This Busy Beaver collaboration and Terence Tao's equational theories project (also cited in this paper) show that Internet collaboration among far-flung strangers for substantive mathematics research, not just brute force computation, is also a reality (specifically now including formalized, machine-checked proofs).
There's still a phenomenon of "grid computing" (often with volunteer resources), working on a whole bunch of computational tasks:
It's really just the specific "establish the empirical strength of cryptosystems" and "show that the Internet is useful and important" 1990s goals that are kind of done by this point. :-)
The Busy Beaver problem is one of the most theoretical, one of the most purely mathematical, of all theoretical computer science questions. It is really about what is possible in a very abstract sense.
Working on it did make people cleverer at analyzing the behavior of software, but it's not obvious that those skills or associated techniques will directly transfer to analyzing the behavior of much more complex software that does practical stuff. The programs that were being analyzed here are extraordinarily small by typical software developer standards.
To be more specific, it seems conceivable to me that some of these methods could inspire deductive techniques that can be used in some way in proof assistants or optimizing compilers, in order to help ensure correctness of more complicated programs, but again that application isn't obvious or guaranteed. The people working on this collaboration would definitely have described themselves as doing theoretical computer science rather than applied computer science.
The research into BB numbers is purely academic and unlikely to be more than that, unless some other part of mathematics turns out to be wrong. Our current understanding is that the numbers are essentially guaranteed to be useless.
This particular proof is doubly-academic in the sense that the value was already known, this is just a way to make it easier to independently verify the result.
It's a part of a broader movement to provide machine proofs for other stuff (e.g., Fermat's last theorem), which may be beneficial in some ways (e.g., identifying issues, making parts of proofs more "reusable").
I'm going to push back on “the value was already known”; my understanding is that the candidate value was known, but while there was a single machine with behaviour that was not yet characterized, it quite easily could have been the real champion.

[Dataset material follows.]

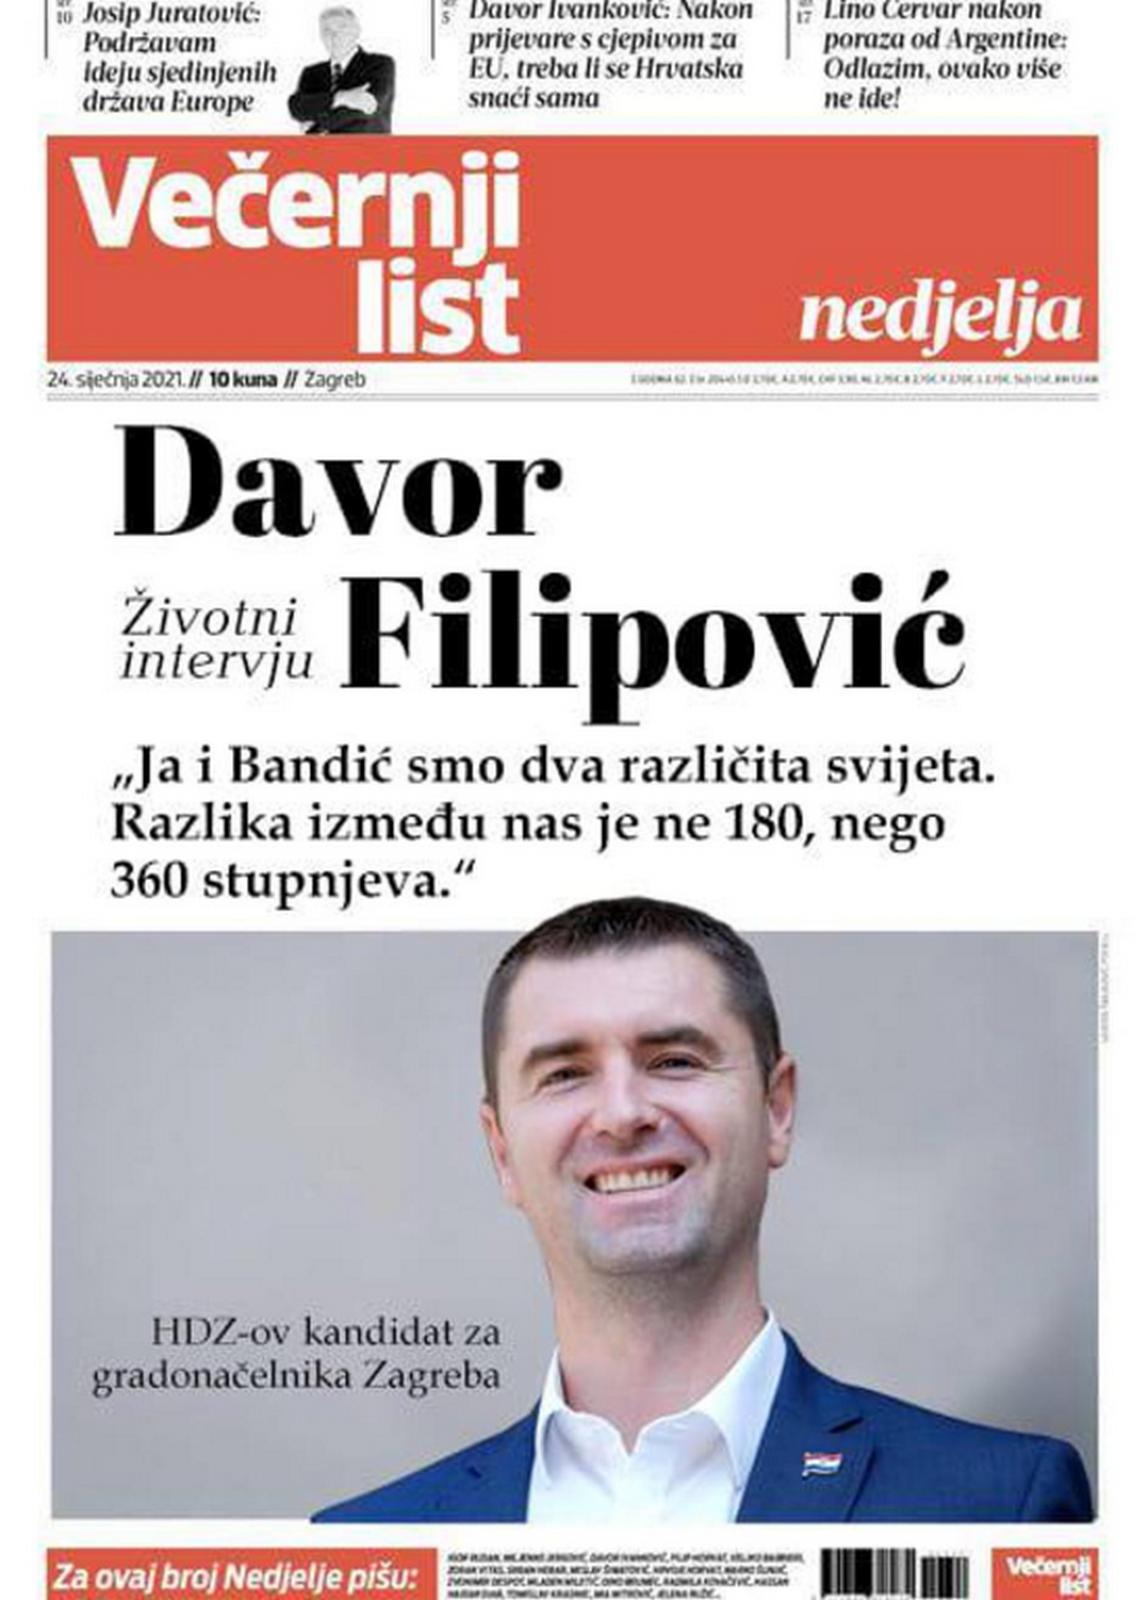 O lažnoj naslovnici oglasio se i kandidat za gradonačelnika metropole
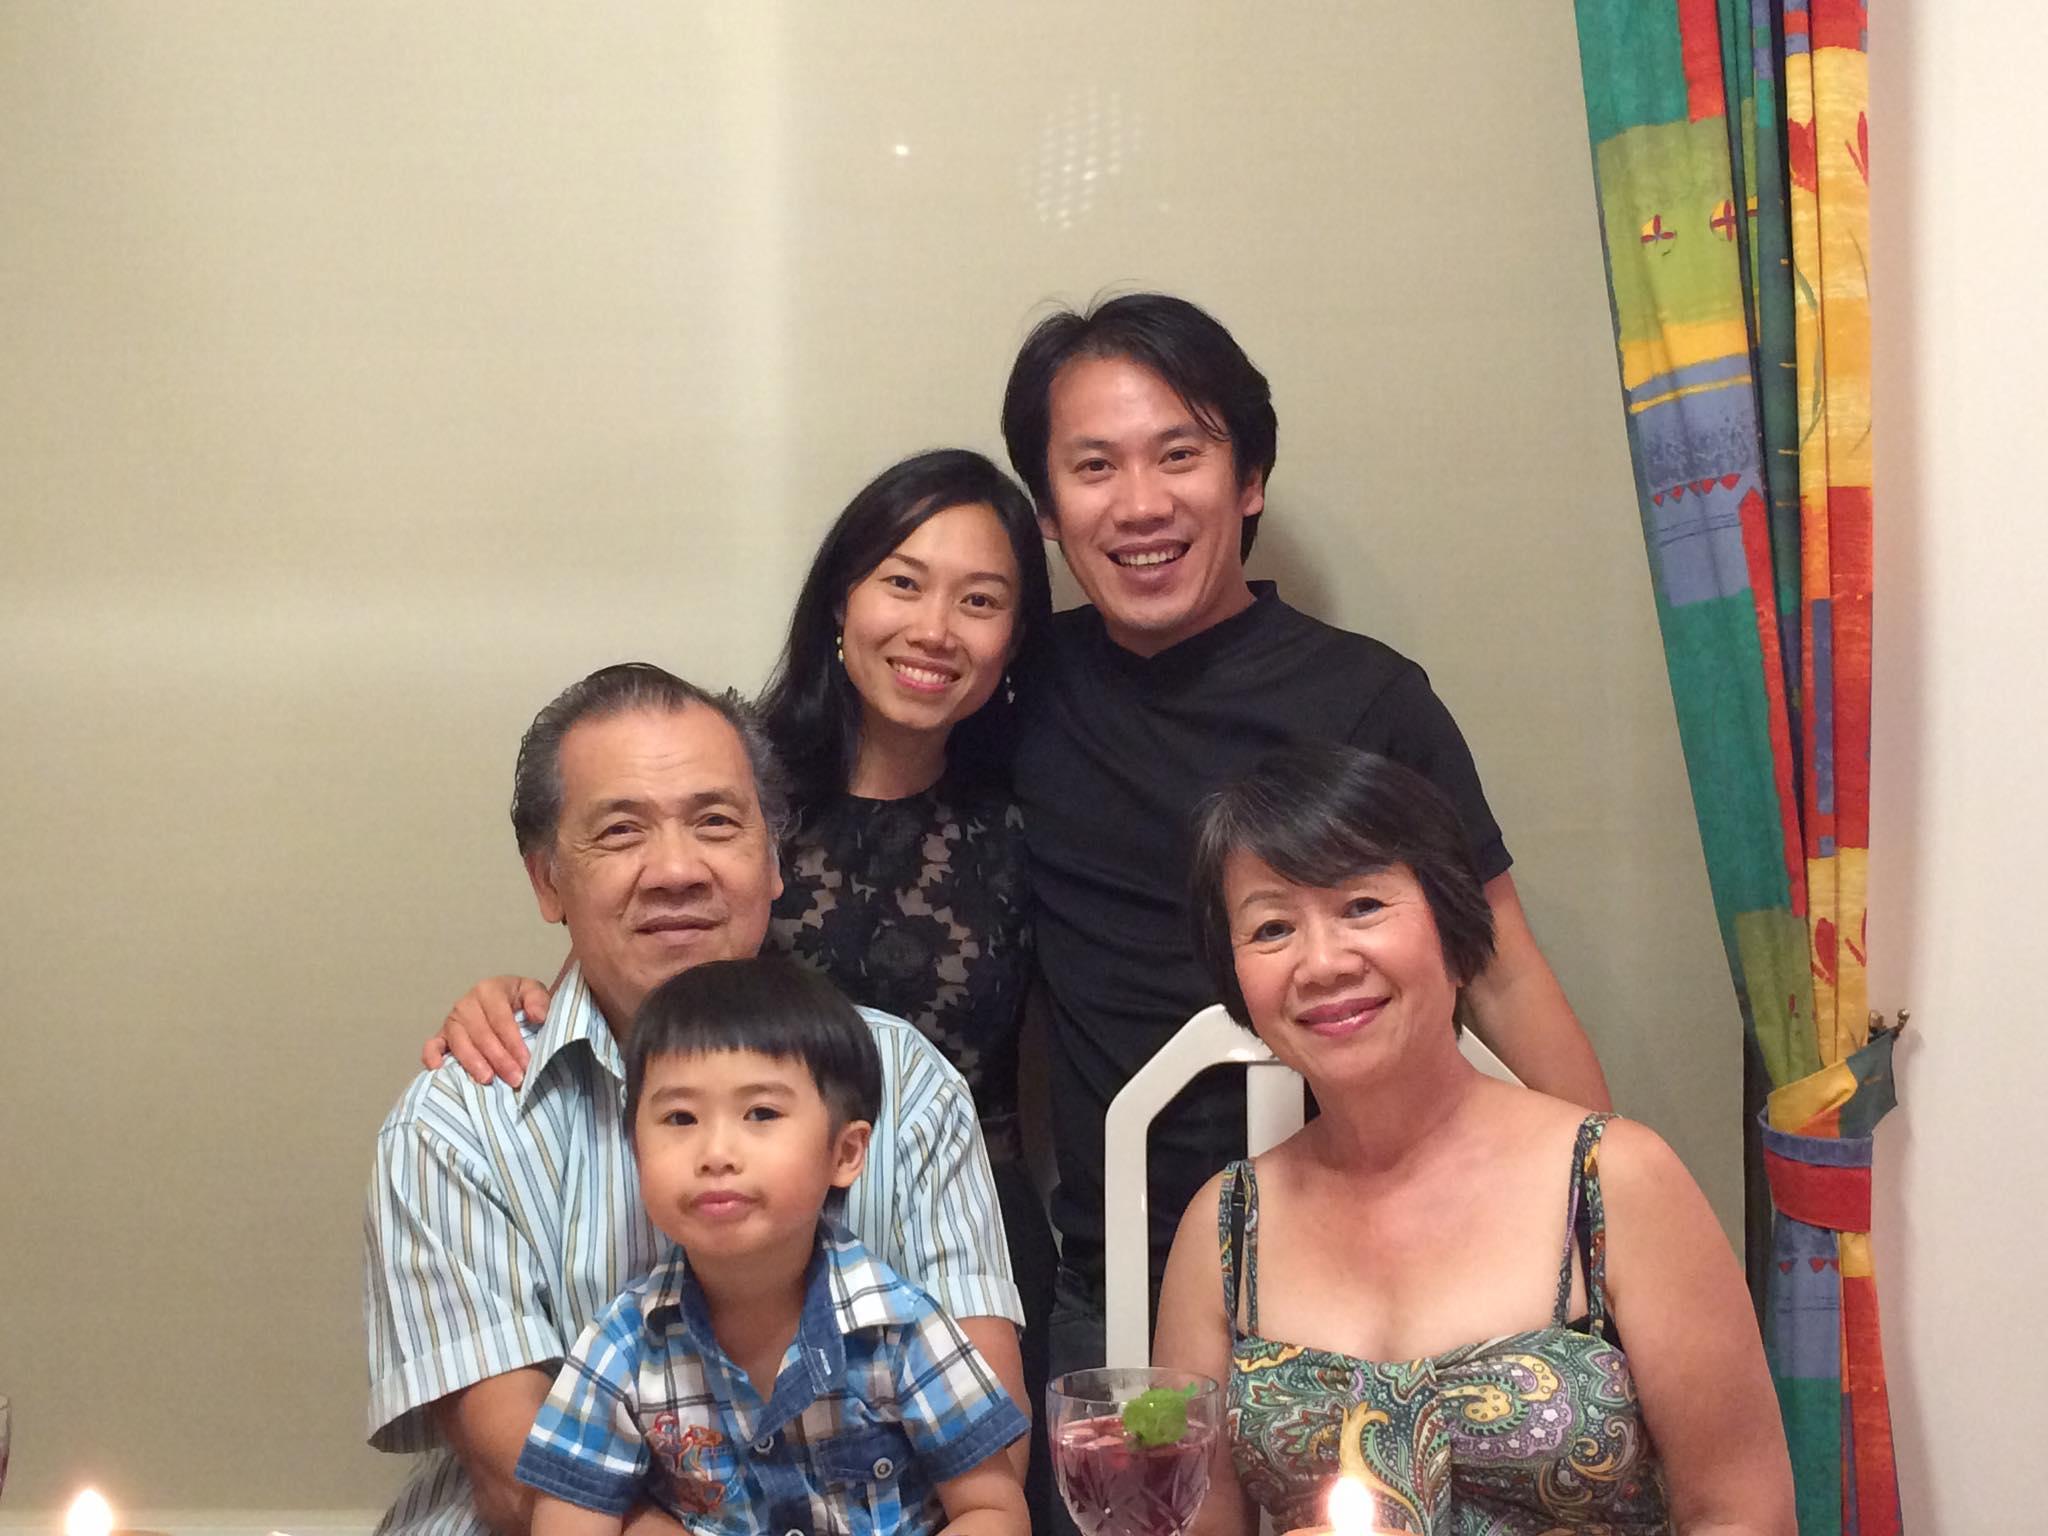 My family in Australia

Ah yeah, I stand corrected. I didn't realize this is a paper by the original team that found the number a while back, I thought it's an independent formalization in 2025.
G. H. Hardy's autobiography was titled "A Mathematician's Apology" because he, somewhat jokingly, wanted to apologize for a life of pure math... totally academic and completely useless.
Then a few years after he passed away, his math was key for The Manhattan Project to build the first successful nuclear bomb. His math lead to the device that changed the world and affected every aspect of human life for a century.
It's only "useless" until someone finds a "use".
P.S. The book documents his time with Ramanujan. If you liked the film "The Man Who Knew Infinity", you should read Apology
Look, if you tell me that this is just an interesting problem, I'm happy to hear that. If it helps prove some exotic theorem, I'm happy to hear that. I'm also happy to hear that this has a direct application somewhere.
I am also unfamiliar, but a naive guess I can make is helping solve other math proofs, and maybe better encryption for the public. Basically everytime I see some progress in math, it usually means encryption in some way is impacted.
Define tangible benefits and give example of any pure mathematics in last 200 years having tangible benefits.
One benefit is that it is related to foundations of mathematics. If you can find busy beaver number 745, you can prove or disprove Maths. If you can find busy beaver 6, you can prove few collatz like conjecture which is an open problem.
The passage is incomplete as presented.